The ontology of medically related social entities: recent developments
Journal of Biomedical Semantics volume 7, Article number: 47 (2016)
The Ontology of Medically Related Social Entities (OMRSE) was initially developed in 2011 to provide a framework for modeling demographic data in Resource Description Framework/Web Ontology Language. It is built upon the Basic Formal Ontology and conforms to Open Biomedical Ontologies Foundry’s best practices.
We report recent development of OMRSE which includes representations of organizations, roles, facilities, demographic data, enrollment in insurance plans, and data about socio-economic indicators.
OMRSE’s coverage has been expanding in recent years to include a wide variety of classes and has been useful in several biomedical applications.
The Ontology of Medically Related Social Entities (OMRSE)  is a realist representation of medically related social entities.

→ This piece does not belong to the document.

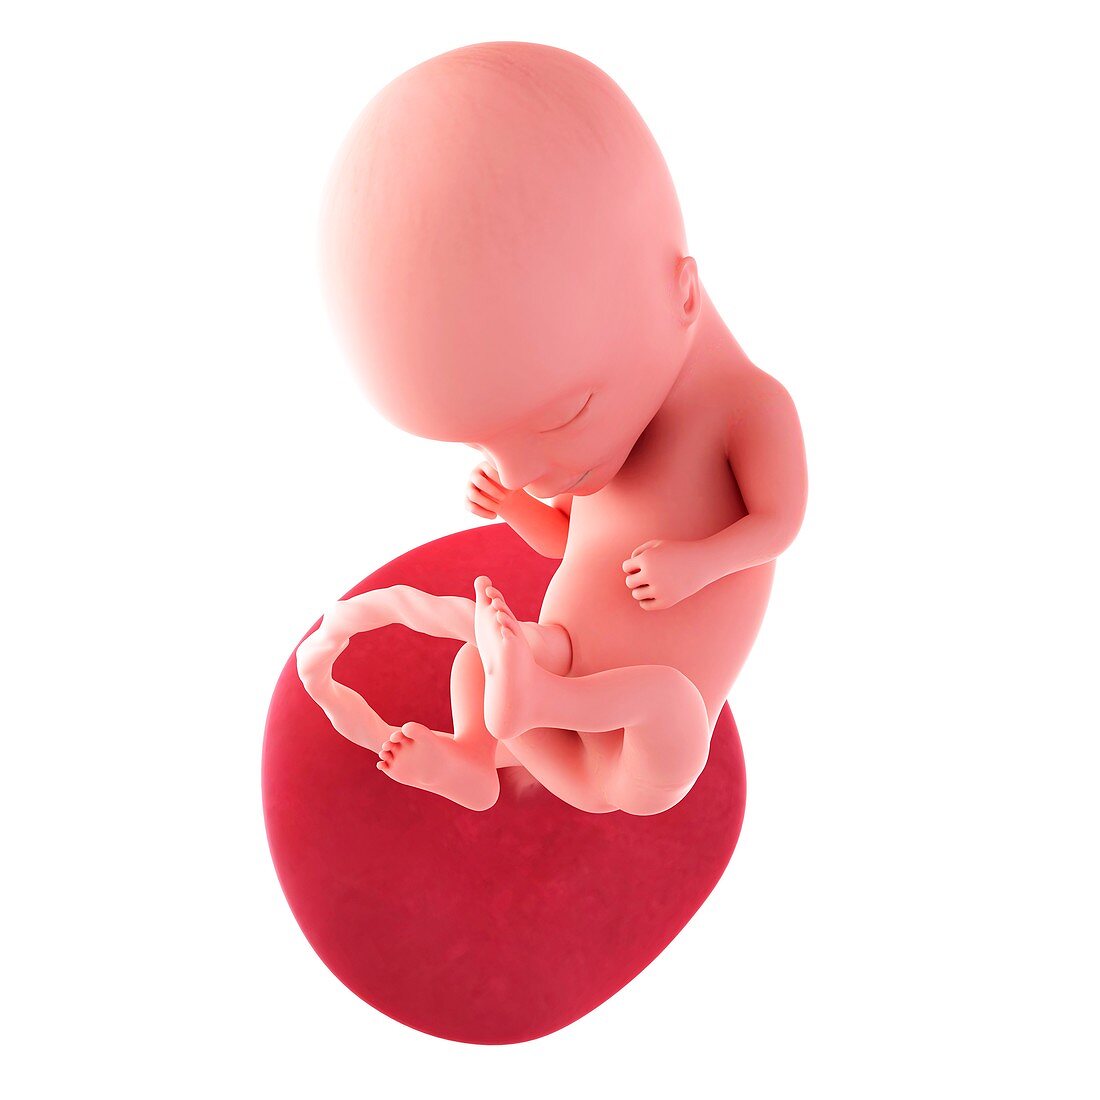 Human fetus age 14 weeks

We initially developed OMRSE to cover demographics data and common roles of people in healthcare encounters for reuse in the context of the OBO Foundry . We created a framework for defining gender roles, legal roles, healthcare provider roles, healthcare organization roles, and patient roles in Web Ontology Language (OWL), one of the accepted languages for the OBO Foundry and a standard for the Semantic Web. We have since developed this ontology by adding more specific classes and creating frameworks for additional topics to facilitate uses arising out of projects related to epidemic modeling, the organizational structure of trauma systems, and common health care data models. OMRSE is a middle level ontology in the sense described in . It is designed to bridge the gap between the upper ontology, Basic Formal Ontology (BFO), and more specific domain ontologies as well as provide classes for reuse in application ontologies. While we acknowledge that the demarcation between middle and domain level ontologies is not crisp , OMRSE contains mid-level classes such as employee role, smoker role, and party to a marriage contract that span multiple sub-domains and can be reused in both more specific domain ontologies as well as application ontologies.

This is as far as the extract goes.